ML Frontier #02: In-Context Reinforcement Learning

Transformers can learn reinforcement learning policies from trajectory examples in the prompt---no weight updates, no gradient descent. ICRL turns agents from amnesiacs into learners by injecting successful execution traces into context.

Second ML Frontier episode. This one covers In-Context Reinforcement Learning—how transformers learn decision policies from trajectory examples in the prompt, without weight updates.

Resource	Link
Papers	5 papers covered
Video	ML Frontier 2: ICRL
Related	Saw (2/?): agentrail-rs — practical ICRL application
Comments	Discord

What is In-Context Reinforcement Learning?
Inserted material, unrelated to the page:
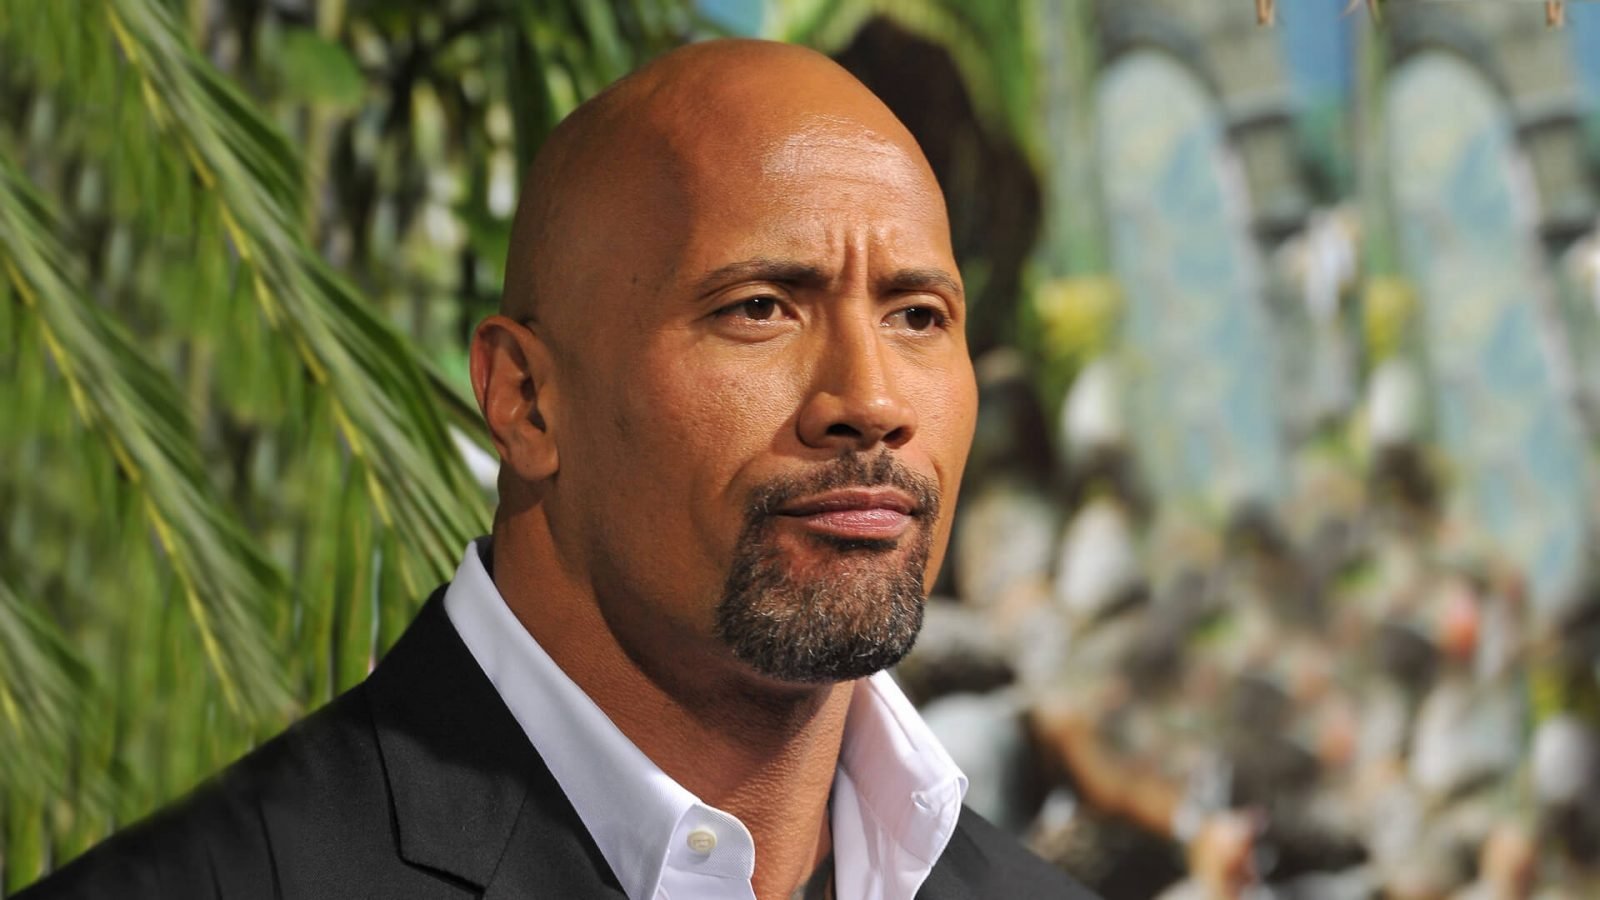 Dwayne Johnson Net Worth. How Much is the Rock Worth? Storia

The model observes sequences of states, actions, and rewards stored in the prompt. Instead of updating weights through gradient descent, the transformer approximates a policy from those trajectory examples.

Think of it like learning to cook by reading a journal of recipes that worked—and ones that didn’t—with notes on what went wrong.

Why Does This Matter?

AI agents often lose procedural knowledge when context is truncated between sessions. They know the goal but forget which API to call, which flags to use, which client library to reference, or how to validate output.

The traditional approach—writing instructions in markdown files—isn’t reliable. Agents ignore rules even when they’re present. ICRL offers a different path: instead of telling the agent what to do, show it what worked and what didn’t, with reward signals attached.

By embedding successful execution traces in the prompt, agents can reuse proven approaches instead of improvising from scratch.

Research Evidence

Decision Transformer (Chen et al., 2021)

Paper: arXiv 2106.01345

In brief: The paper that started it all. Instead of training an RL agent with value functions and policy gradients, just frame the problem as sequence prediction. Feed the transformer trajectories of (return-to-go, state, action) and let it predict the next action conditioned on the desired return. The transformer learns a policy by modeling sequences—no Bellman equations needed.

Why it matters: Reframed RL as something transformers already do well: sequence modeling.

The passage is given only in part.